> **Your task**
In the material below, find the span from the line with "A crochet keyboard" to the line with "Top Coffee Table" and transcribe only those lines, exactly, ends included, without the pictures.

> **Task input**
○ ○ ○

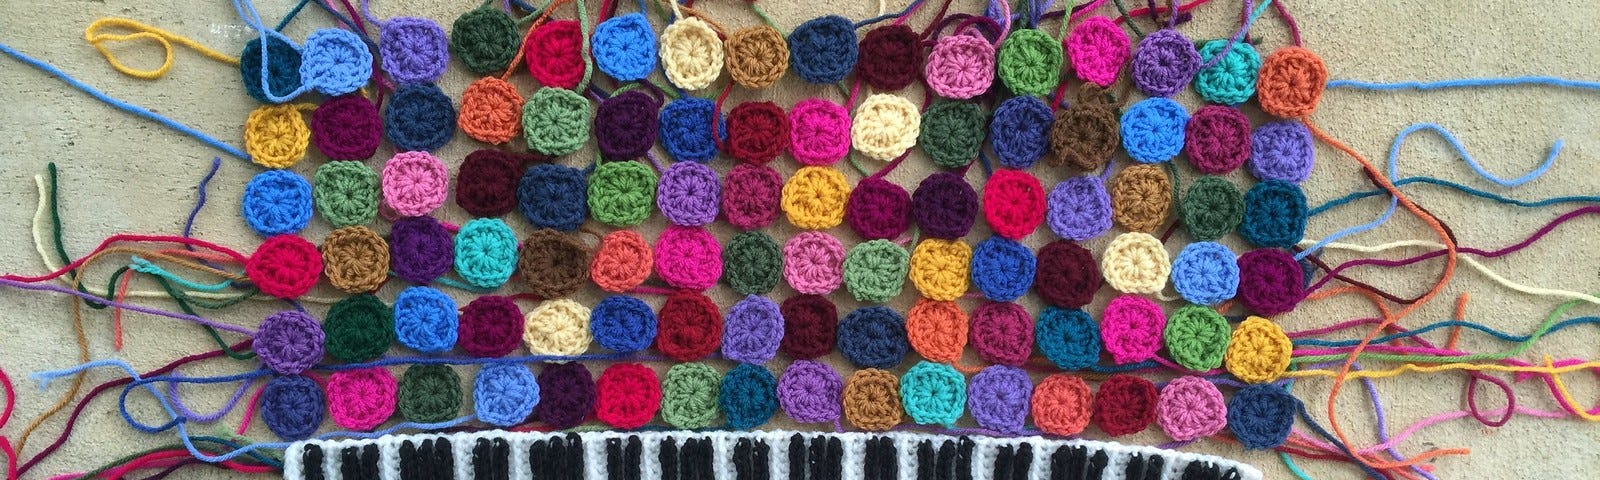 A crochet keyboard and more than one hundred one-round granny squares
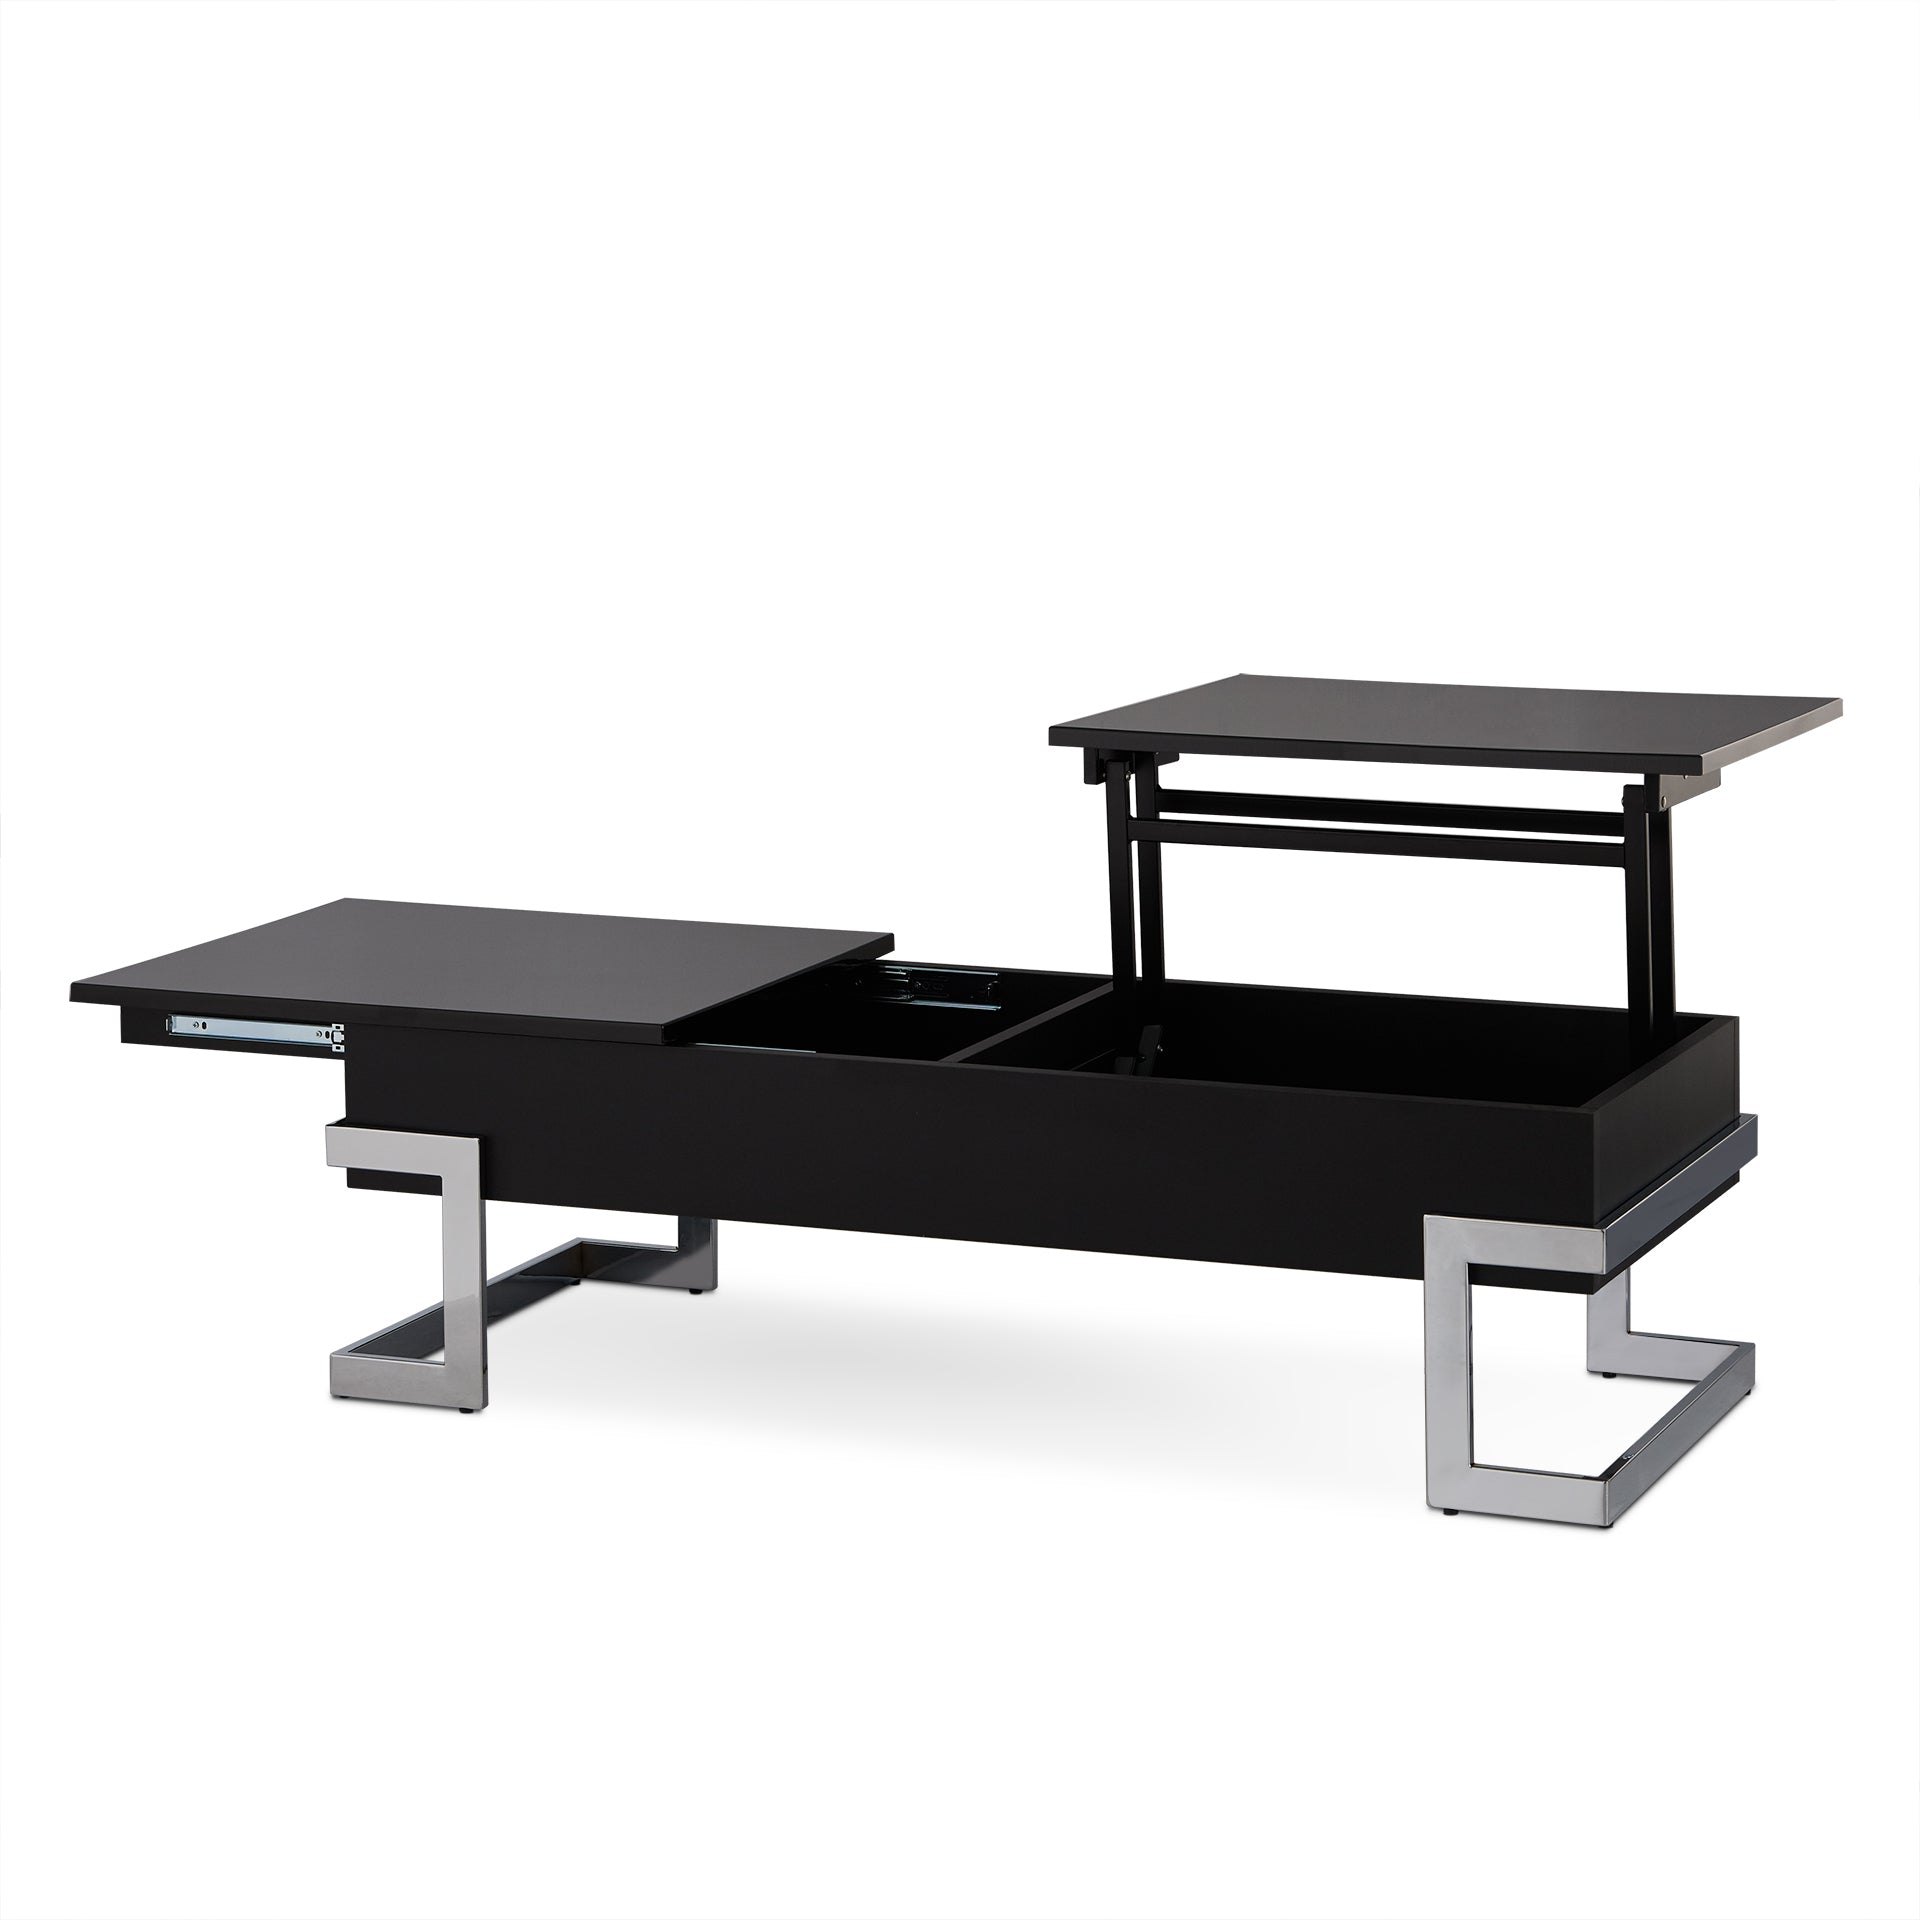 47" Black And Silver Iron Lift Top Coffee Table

○ ○ ○

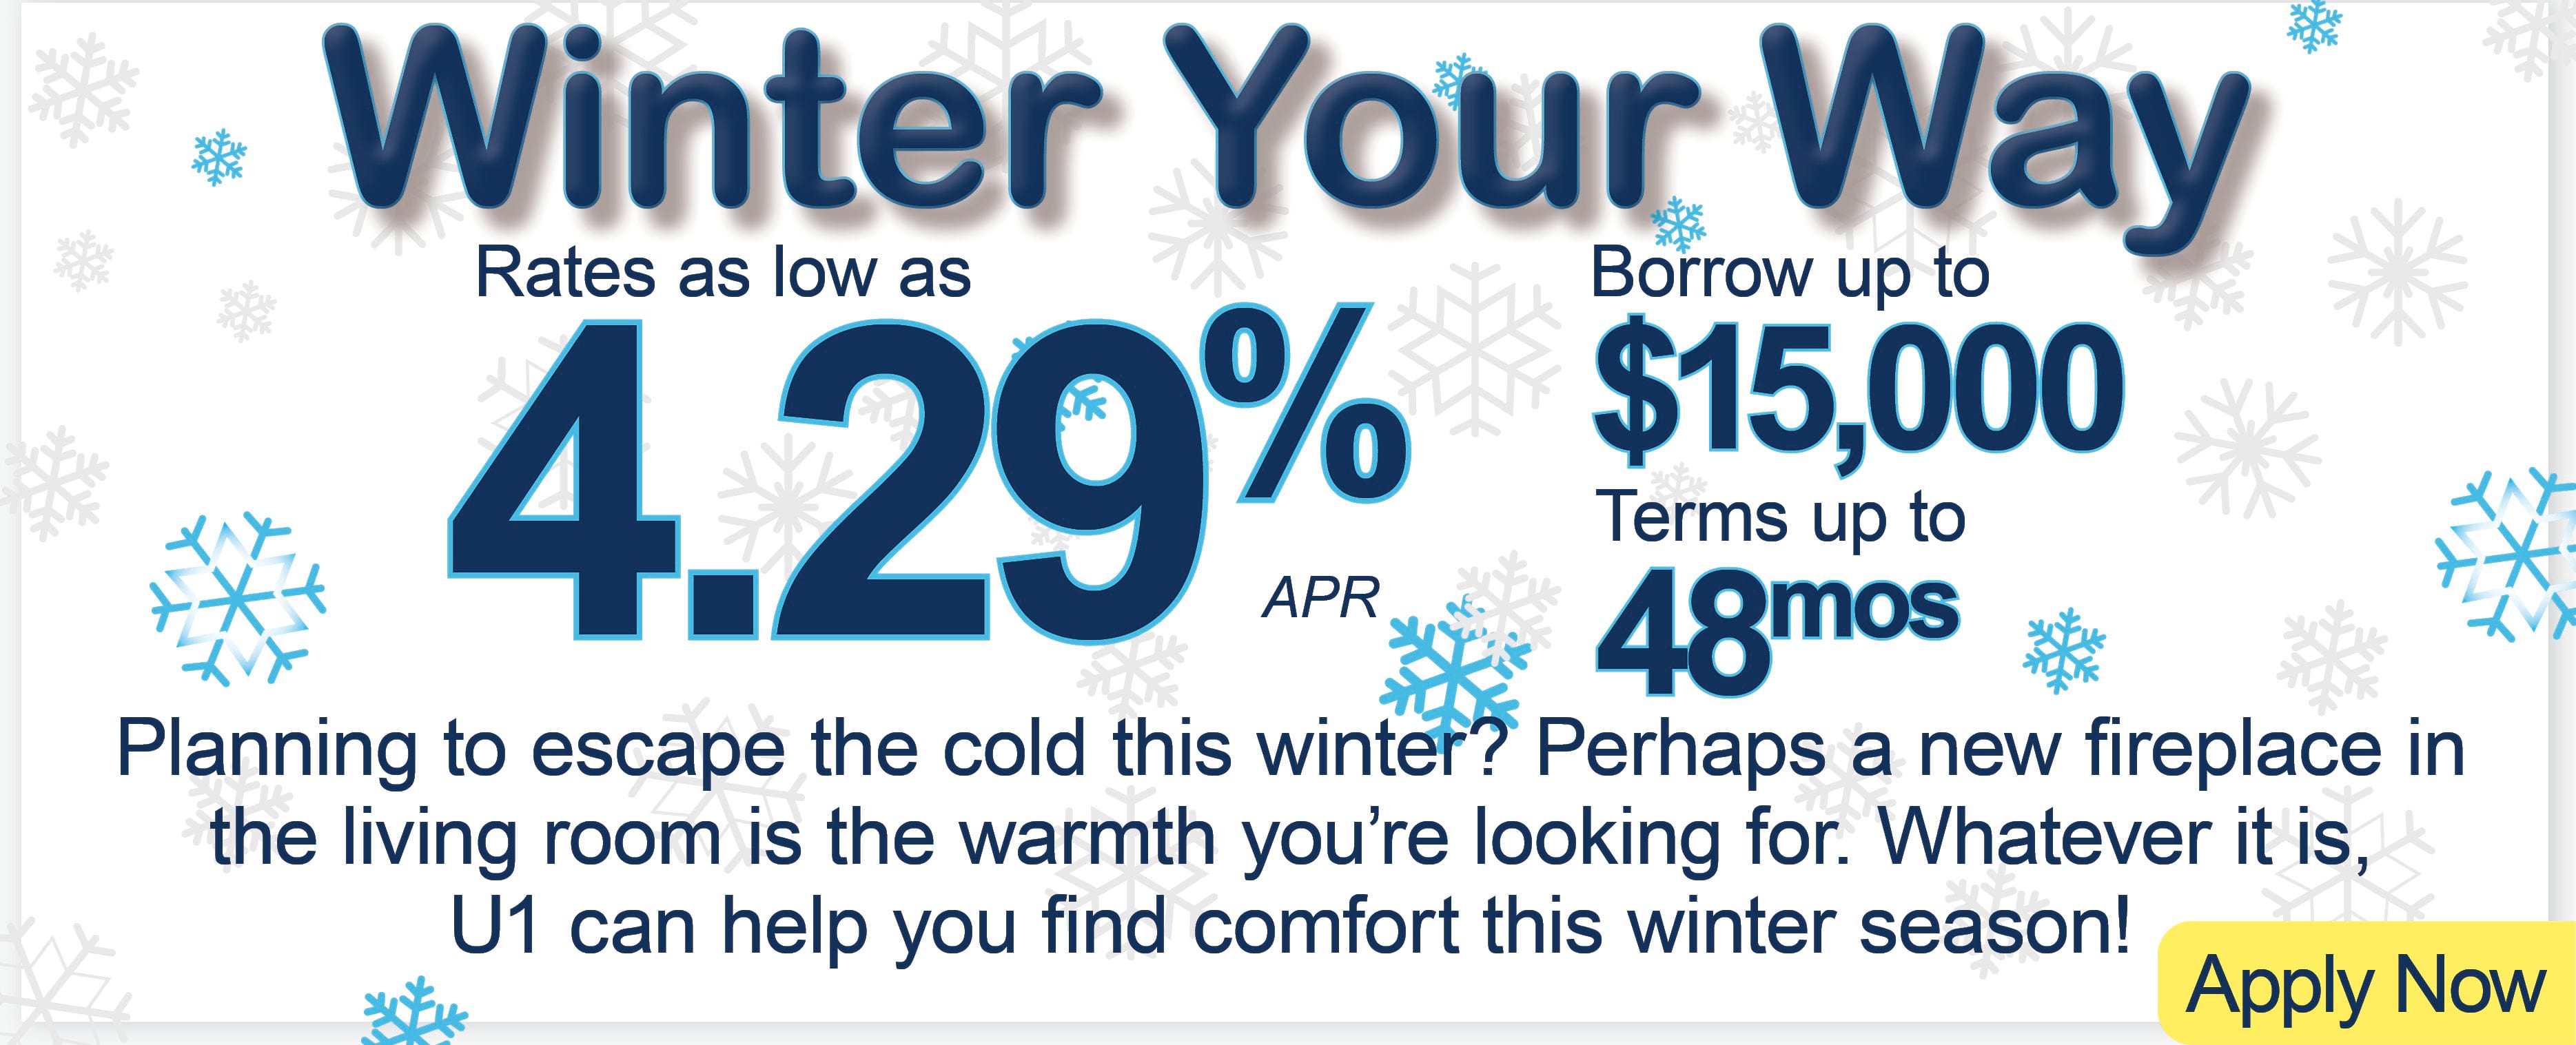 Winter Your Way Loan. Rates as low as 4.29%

○ ○ ○

> **Solution to this task**
 A crochet keyboard and more than one hundred one-round granny squares
 47" Black And Silver Iron Lift Top Coffee Table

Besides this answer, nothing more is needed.